Le professeur agrégé Ayako Tonoki et son équipe, y compris les doctorants Tong Yue, Minrui Jiang et Kotomi Onuki de la Graduate School of Medical and Pharmaceutical Sciences, ainsi que le professeur Motoyuki Itoh de la Graduate School of Pharmaceutical Sciences, Chiba University, Japon, ont récemment mené une étude pour enquêter sur cette connexion.

Résultats clés: HFD perturbe l’autophagie et altère la mémoire

Les chercheurs ont constaté qu’un HFD réduisait considérablement l’activité d’autophagie dans le cerveau de drosophile. Cette réduction de l’autophagie s’est accompagnée d’une altération de la formation de la mémoire, comme évalué par un apprentissage olfactif classique et un paradigme de la mémoire. Plus précisément, des mouches nourries par un HFD ont montré une capacité réduite à associer une odeur à un choc électrique, indiquant un déficit dans leurs capacités d’apprentissage et de mémoire.

La restauration de l’autophagie inverse les déficits cognitifs

Surtout, l’équipe a démontré que la restauration de l’activité d’autophagie pourrait inverser les déficits cognitifs induits par le HFD. En améliorant génétiquement l’autophagie dans le cerveau des mouches nourries au HFD, ils ont pu restaurer leurs performances de mémoire à des niveaux comparables à ceux des mouches nourris avec une alimentation normale. Cette constatation fournit une preuve solide que l’autophagie altérée joue un rôle essentiel dans la médiation des effets négatifs d’un HFD sur la fonction cognitive.

Insistance mécaniste: AMPK et autophagie

Une enquête plus approfondie a révélé que le HFD a supprimé l’activité de l’AMPK (protéine kinase activée par l’AMP), un régulateur clé du métabolisme énergétique et de l’autophagie. L’activation de l’AMPK est connue pour favoriser l’autophagie, et les chercheurs ont constaté que l’inhibition de l’AMPK Drosophile Les cerveaux ont imité les effets du HFD, réduisant l’autophagie et altérant la mémoire. Inversement, l’activation de l’autophagie améliorée AMPK et des performances de mémoire améliorées.

Ces résultats suggèrent que le HFD perturbe l’autophagie en supprimant l’activité AMPK, conduisant à une cascade d’événements qui entraînent finalement un déclin cognitif.

Directions et implications futures

Cette étude fournit des preuves convaincantes d’un lien entre les troubles de l’autophagie induits par le HFD et les déficits cognitifs.
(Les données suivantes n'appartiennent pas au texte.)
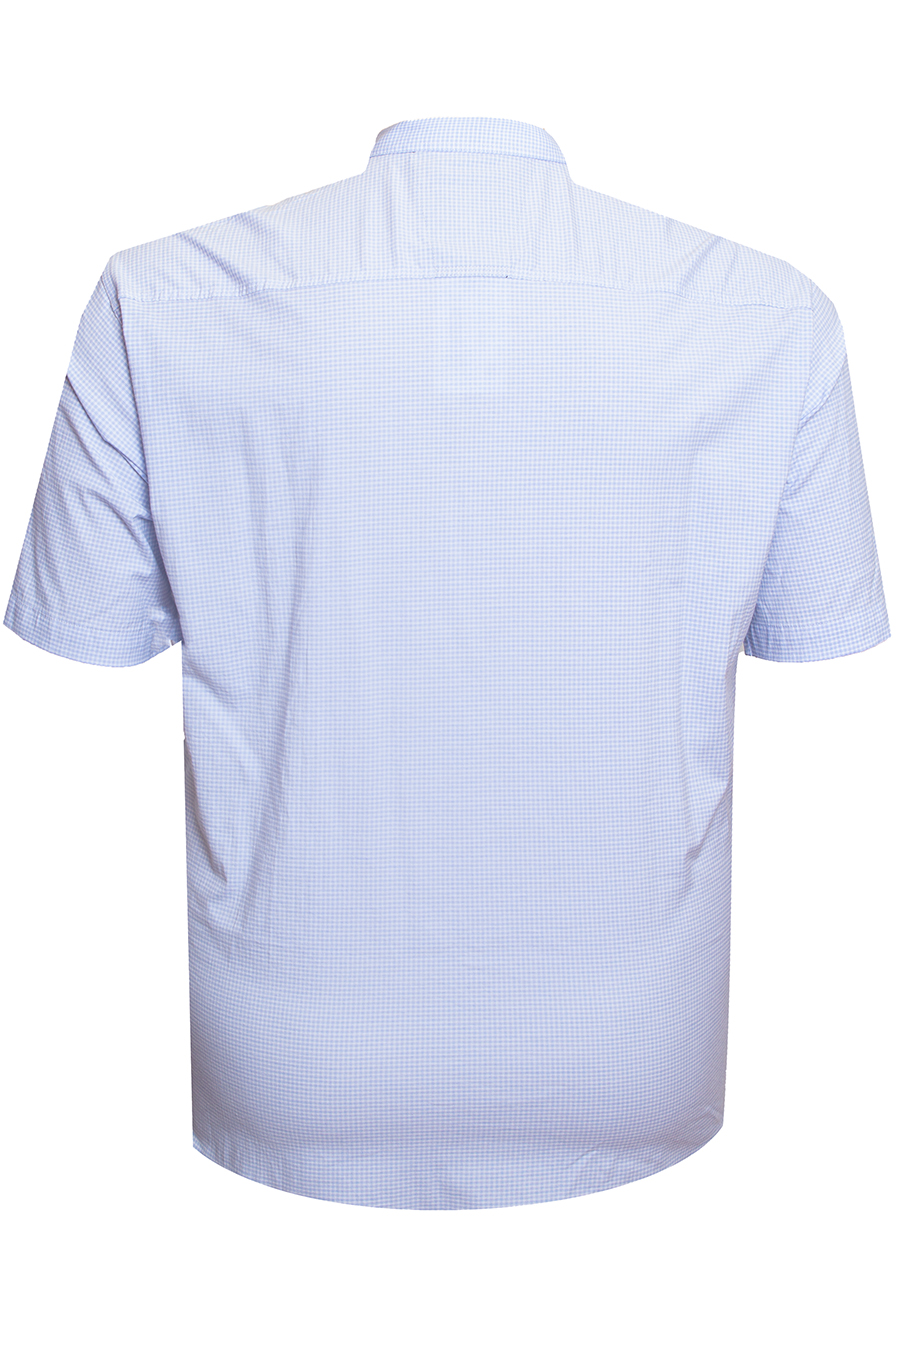 Рубашка Birindelli голубая 06-503 большого размера

L’utilisation de Drosophile En tant que système modèle, les chercheurs ont des informations précieuses sur l’impact plus large des HFD sur le système nerveux et d’identifier les cibles thérapeutiques potentielles pour atténuer les conséquences cognitives d’un régime riche en graisses.

Principaux à retenir

  • Un régime riche en graisses réduit l’activité d’autophagie dans le cerveau.
  • L’autophagie altérée est liée aux déficits cognitifs et aux troubles de la mémoire.
  • La restauration de l’autophagie peut inverser les effets négatifs d’un HFD sur la mémoire.
  • AMPK joue un rôle crucial dans la régulation de l’autophagie et la médiation des effets d’un HFD.
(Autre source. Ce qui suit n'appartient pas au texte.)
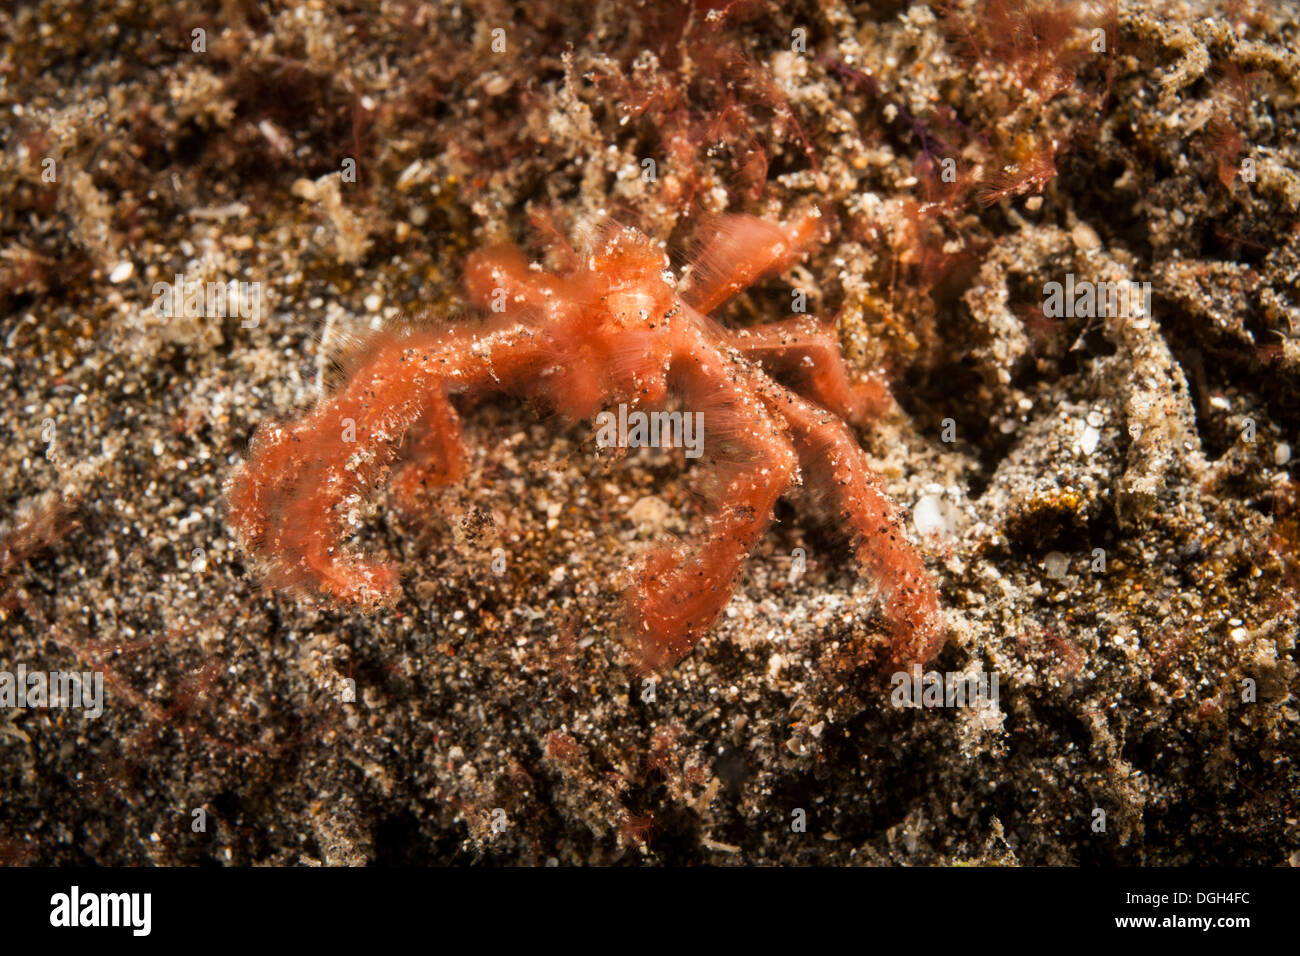 Orang Utan Krabbe (Oncinopus SP.) in Gefahr-Anzeige in der Lembeh-Strait aus Nord-Sulawesi, Indonesien. Stockfoto

Les recherches futures se concentreront sur l’exploration des mécanismes moléculaires spécifiques par lesquels l’AMPK régule l’autophagie dans le cerveau et l’identification des interventions pharmacologiques potentielles pour améliorer l’autophagie et protéger contre le déclin cognitif induit par le HFD. Ces résultats ont des implications cruciales pour comprendre le lien entre l’alimentation, la santé du cerveau et les maladies neurodégénératives.